Tans are well under way; the guy in the tee shirt dropped 12 pounds, his girl in the shorts, 14. Gyms R Us parking lots are full at 5PM, promising cleavage and abdominals by the end of the month. Warm breezes, long weekends, beaches, barbecues and beer. Things are looking up. I bet people watch less news during the summer, freeing their spirits, like long-tethered dirigibles, to rise in the fresh air.

The goal of the smiley, wide-eyed gym member is no deep secret: to look good. Power is nice, but slice it, dice it or stand it on its head and the main aim of the game is the same: to look good! One might elaborate upon one's emphatic or faint gestures at one's spa and health club, conveying messages of health, athleticism, inner strength and discipline, but the story is the same short story: to look good.

Maybe, when the sun's shadows shorten and the temperatures drop and fair-weather festivities fade, people notice health is wealth and discipline builds character; the oneness of lifting weights and the magic of hocus-pocus focus.
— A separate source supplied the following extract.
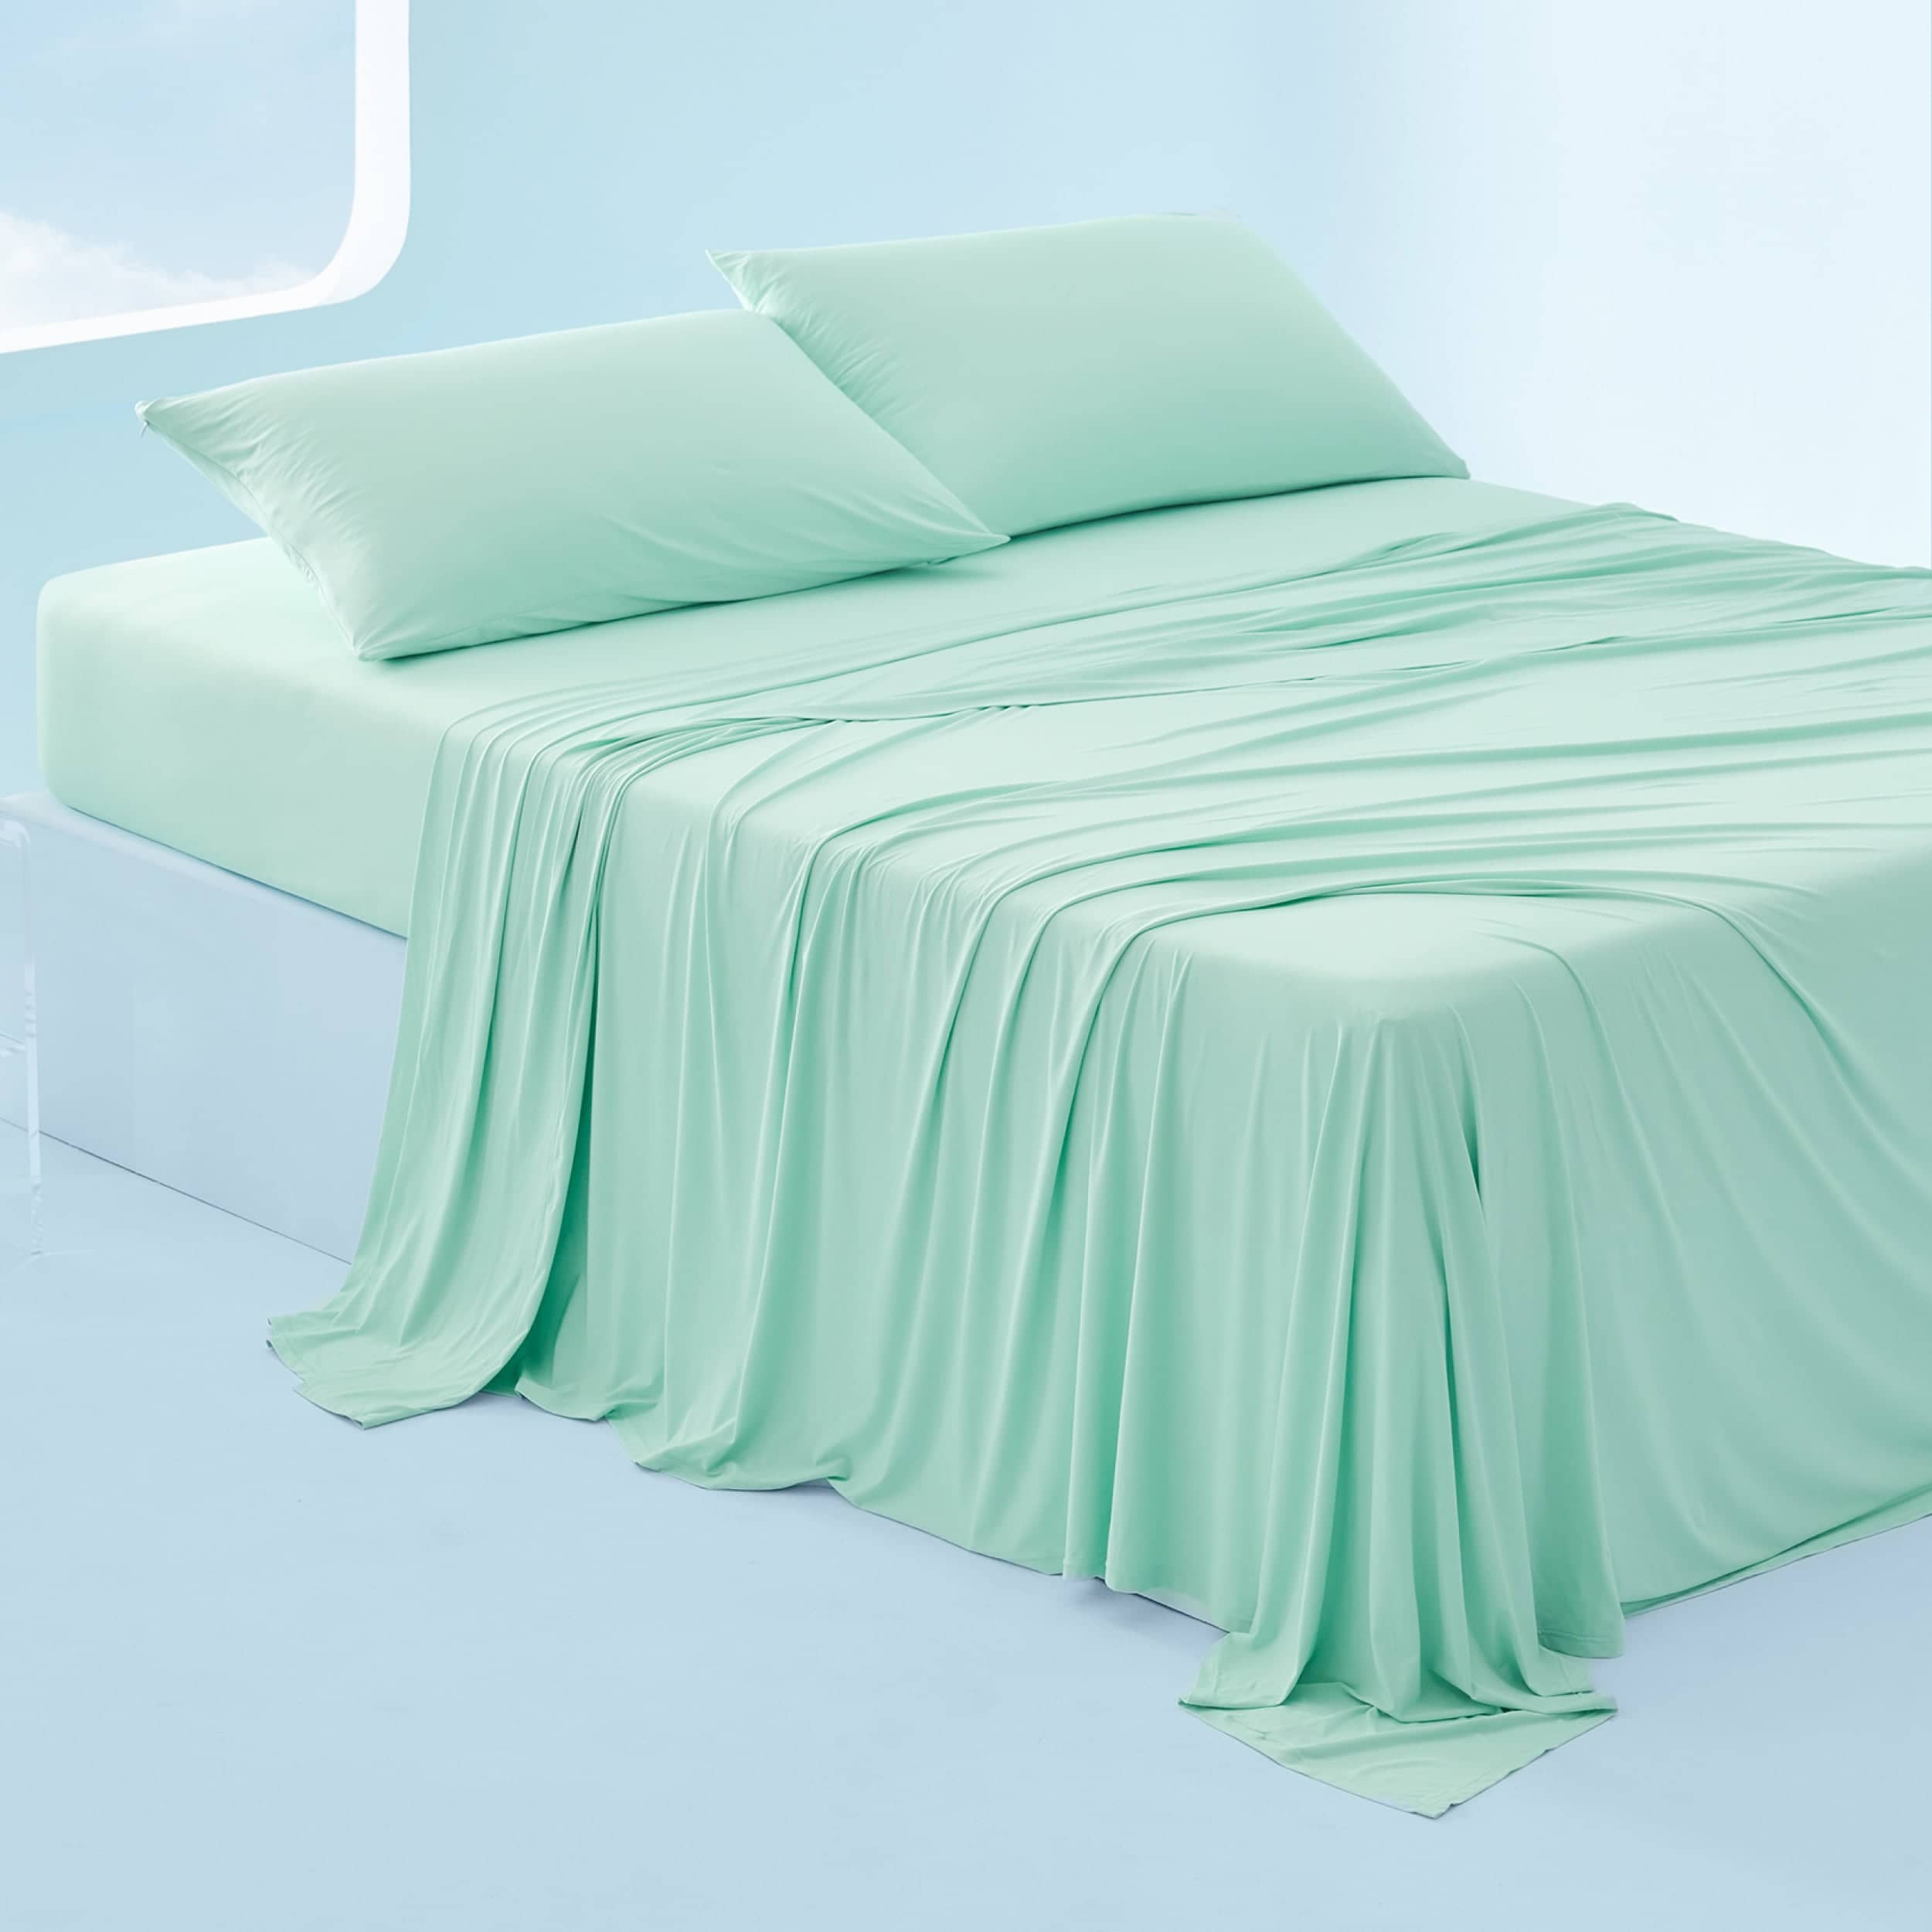 Bedsure Breescape Cooling Sheets, Cooling Sheets For Hot Sleeper, With a Deep Pocket Fits up to 17.5" Mattresses

More power to them, but right now, looking good tops the charts.

Nothing's changed. It hasn't gotten better. The swelling of the swollen, having swelled swells on. The same folks who vowed and sought to look good a year ago are back for more... or less. A few are absent (having succeeded or surrendered) and more are present. Alas, the crowd is growing bigger along with the individual.

Nothing's changed. It hasn't gotten easier. Losing bodyfat, building muscle and accentuating curves -- looking good -- is not an easy gig. The way may be clear, but those with no will have no way. No courage, nowhere. No discipline, nothing.

Nothing's changed. Take hold of the iron, set your mind to the steel, make the metal move and good things happen. Muscle and might are born, strength and health come alive and the mind and spirits awaken.

While shadows are yet long and the sun pours down like molten gold, let us cast a pair of pure and precious bodyparts. Chest and back have always been my favorite grouping, unless we're to consider bis and tris, whereupon we just might agree those two are a handsome and accommodating couple.

Shoulders and arms, on the other hand, are a mean alliance devoted to long and deliberate torture. The truth comes out before the first reps, but the truth isn't enough. In charge of the brutal act, we, the frantic lifters, seek the essence of life: another dimension, a portal in time, a bold glimpse of the future. We also seek bowling ball deltoids, lightening bis 'n thunder tris.

Call us crazy.

Here's one (don't ask me why, it just feels good), a powerhouse leg workout (squats, squats, squats) followed by a closet-size arm workout... just big enough to rack four or five pair of well-pressed close-grip benches with matching Olympic bar curls. Nothing sophisticated, basics only; moderate impression with subtle effects.

The last time I did a split routine -- half in the AM, half in the PM -- was in the spring, summer and fall of 1970. The reason, as I recall, was upcoming pro contests that involved duds like Zane, Katz, Columbu, Arnold and Tiger Woods, I think. Did I say duds? I meant dudes. Honest!

I was 28, going on 12-to-life. (That's what you get, if you get caught and don't have a good defense lawyer.) I escaped shortly thereafter and fled LA to hide out in the vast, bewildering forests of Central California.

Funny, the things you remember without really trying. Funnier yet, the things you cannot forget after really trying.

We press on. We never let go. We never quit.